When I started reading The Return of the Butterfly, I remember being amazed and thinking: This is Pakistani literature? This is Pakistani literature. Moni Mohsin’s book may be typed in English, but it’s written in so much more.
Do not be fooled by the heels on the cover or the seemingly illiterate, housewife narrator: this is a serious story about politics. Moni Mohsin’s writing is full of translated Urdu expressions, Urdu phrases written in transliteration, and such a beautiful Pakistani butchering of the English language, that I am in awe. As a writer, this book makes me brave, and here’s why. It tells me not to try and fit myself into expectations of what and especially how an English-writer should write.

As a teacher of the English language I have been saying this for years: stop trying to speak ‘correct’ English and start using English to express your self. You are who you are. You grew up where you did, and your parents did what they did, and there’s no sense – or merit – in trying to hide or change that. That’s what Butterfly does in The Return of the Butterfly. She speaks her English – even when she is saying denuded instead of deluded, and Bangcock (wince) instead of Bangkok – and she does so without apology. She is often politically incorrect, but she is unapologetically herself. And I think we could all learn from this, especially writers writing in a language they are frequently reminded does not ‘belong’ to them.

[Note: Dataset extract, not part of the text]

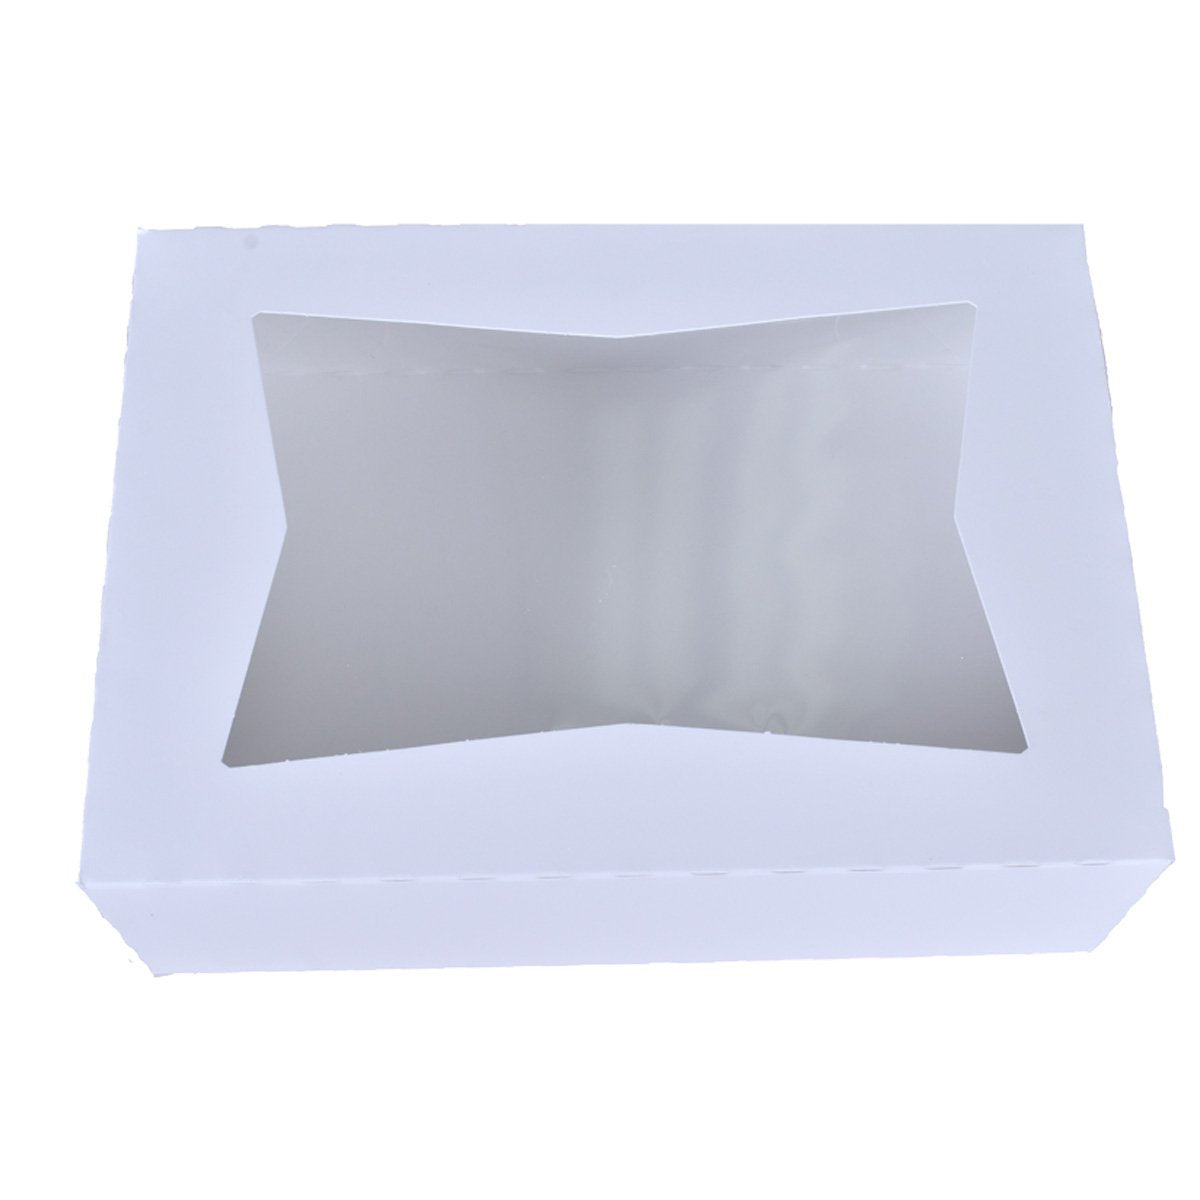 White Window Cake Boxes - 8x4x4 Bake Supply Plus Box - Bake Supply Plus

From this book, I have learnt Urdu, I have learnt about Pakistani English, and of a particularly difficult time in Pakistani history, when religious extremism actually threatened to dominate. I learnt to write brave and being your unique self and not being afraid to write in a form a lot of people would not understand. I learnt that only I decide what belongs to me, and what I belong to. The Return of the Butterfly taught me to stop explaining myself, and for that, Moni Mohsin has my gratitude.